Leora Horn, MD, MSc, FRCPC: Tom, different checkpoint inhibitors are approved. In the first-line setting, pembrolizumab is approved right now. In the second-line setting, we have nivolumab, pembrolizumab, and atezolizumab as monotherapy. Do you see any differences between these different drugs?

Thomas E. Stinchcombe, MD: I think the second-line immunotherapy-naïve patient population is rapidly declining, in terms of the number of patients we see. But, we do still see them. Most of the time, I don’t think that there’s a strong efficacy or toxicity difference between the 3 therapies. I often decide based on schedule. Nivolumab can be given every 4 weeks. Pembrolizumab and atezolizumab can be given every 3 weeks. I think those factors play more of a role than the differences in the data.

Leora Horn, MD, MSc, FRCPC: Yes, I think schedule is definitely driving us. You’ve given nivolumab every 4 weeks. I have not. That data came from looking at PK/PD [pharmacokinetics/pharmacodynamics] as opposed to efficacy data. I admit that I’m giving 6 months of therapy every 2 weeks if I’m using it. And then I go to an every 4-week regimen. What are you guys doing? Are you giving this every 4 weeks, with no problems, when you’re using it?

Edward B. Garon, MD: I am using it every 4 weeks. I’m very involved in the CheckMate 384 study, which actually was randomized into that question. I’m not sure that I’ve ever been involved in what will probably be such useless data at presentation, because, in fact, they are now both approved. Unless there’s a huge discrepancy between the 2 of them, I think both of them will continue to be used. I have gone to the every 4-week regimen. When one looks at the dose range on studies to date, there’s very little evidence to indicate that there’s a huge difference. And so, I have comfort in using that every 4-week regimen.

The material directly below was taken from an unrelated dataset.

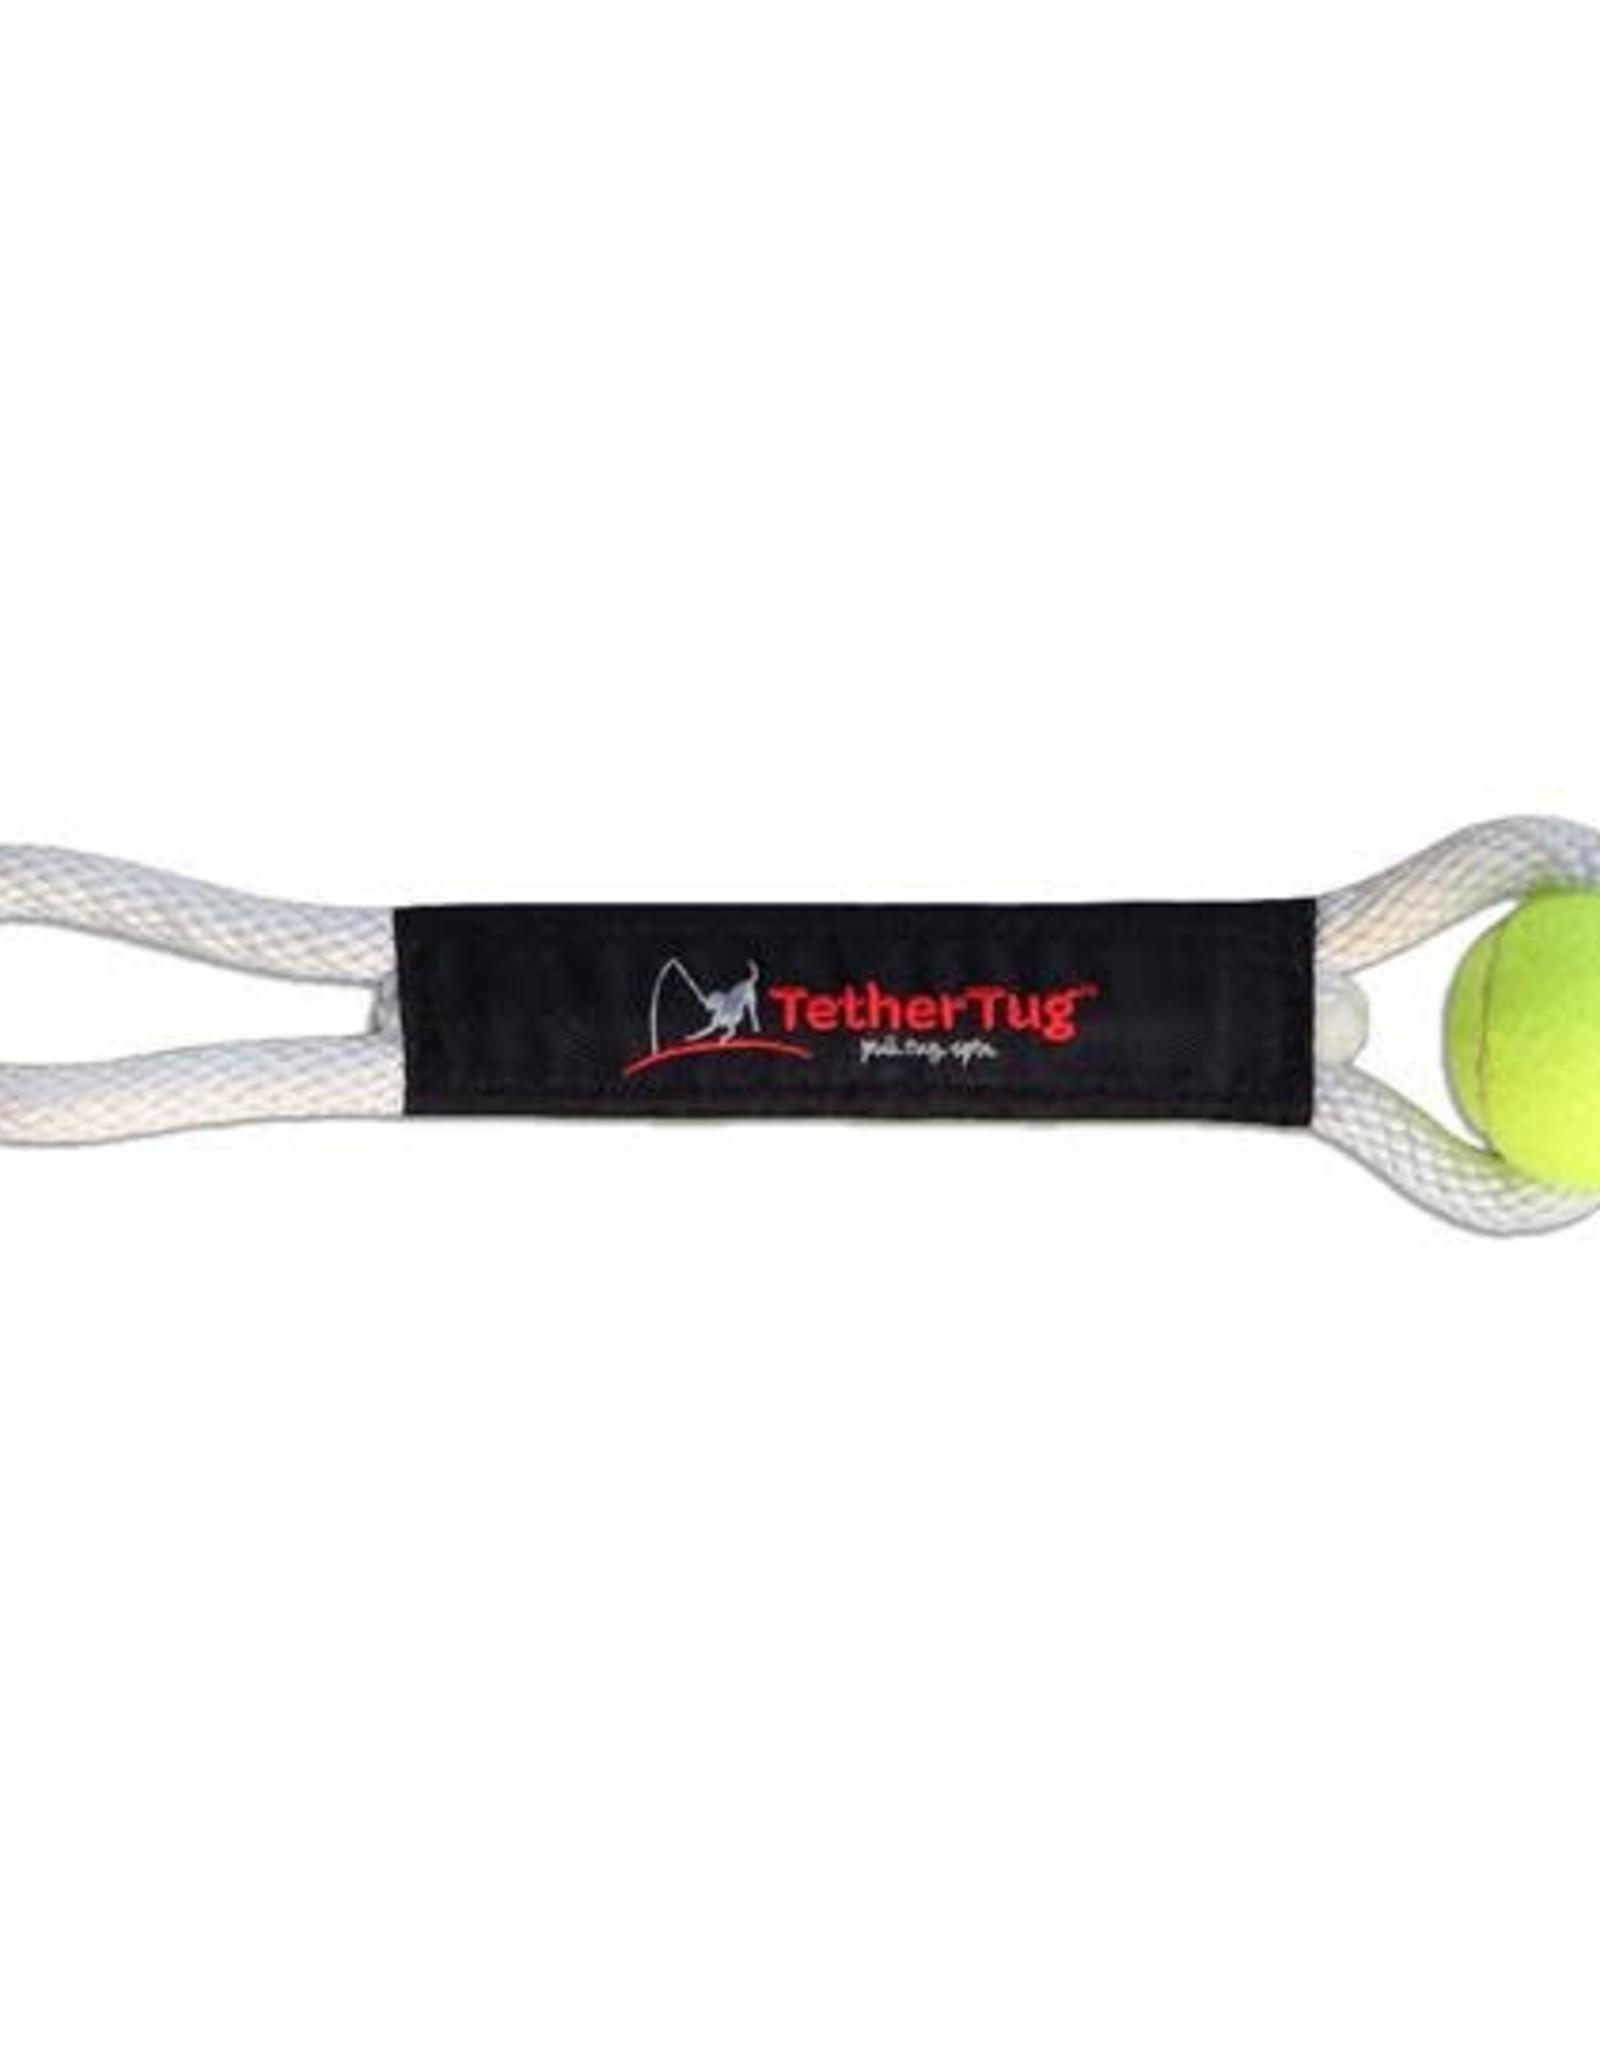 Tether Tug Ball Toy Plus - Tether Tug
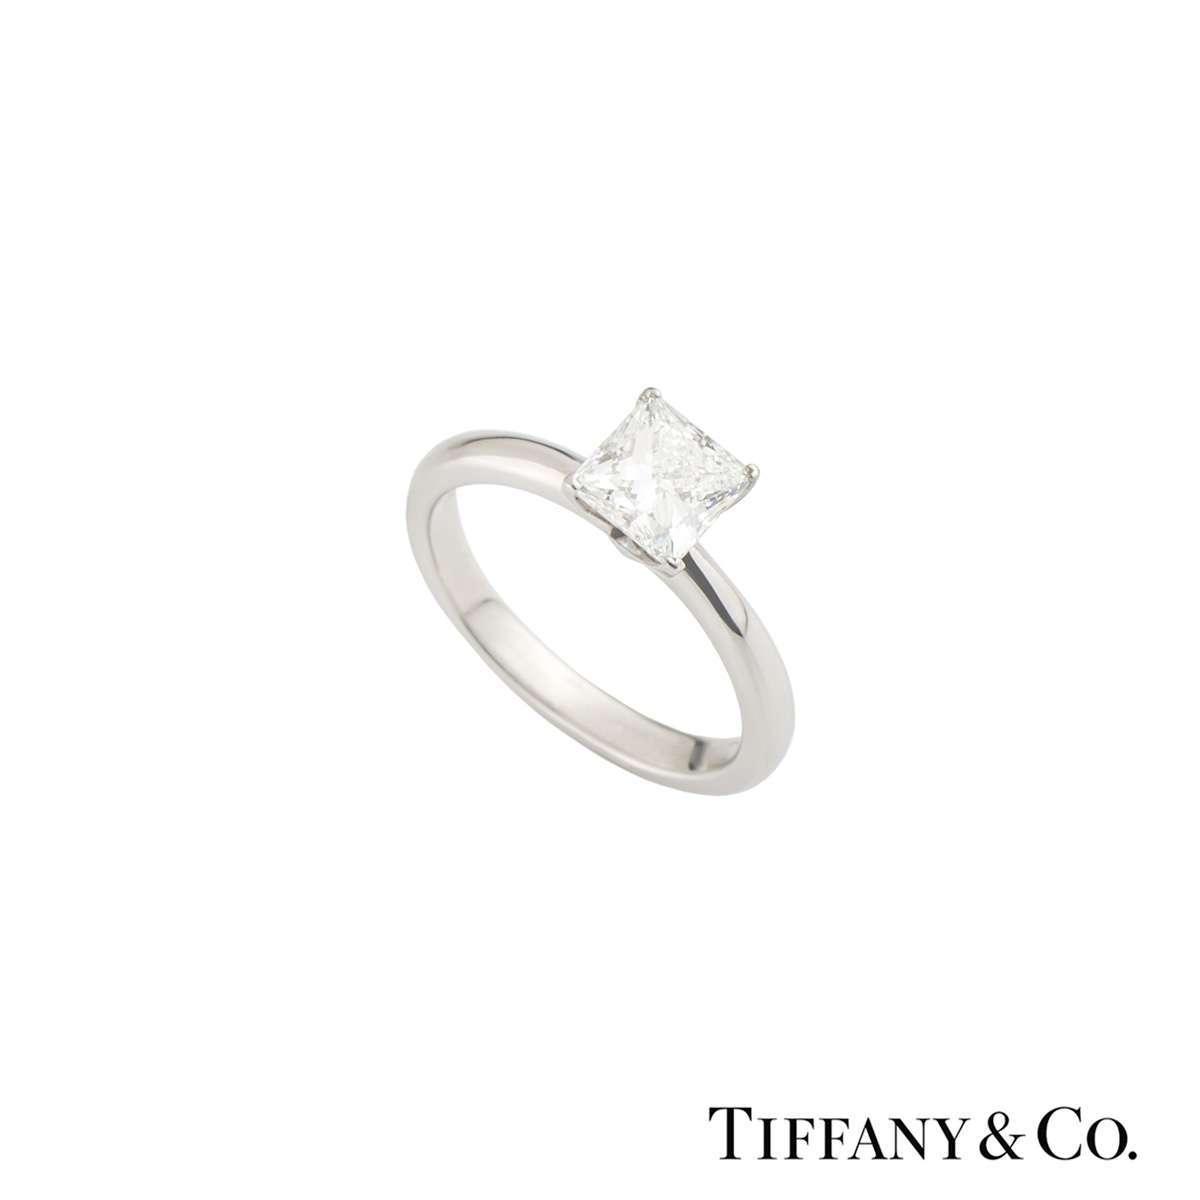 Tiffany & Co. Platinum Princess Cut Diamond Ring 1.55ct F/VS2

Thomas E. Stinchcombe, MD: I use the every 4-week regimen. Some patients travel a lot. Sometimes they are on this therapy for a long time. It does make the patient’s quality of life better.

Leora Horn, MD, MSc, FRCPC: Absolutely. Twenty-six versus 13 visits a year is a dramatic difference in terms of quality of life.

Edward B. Garon, MD: Anyone who has spent much time on Interstate 405 in Los Angeles would like to come into the clinic less frequently rather than more.

Leora Horn, MD, MSc, FRCPC: Fair enough. Tom sometimes has mountains to travel to get to his cancer center.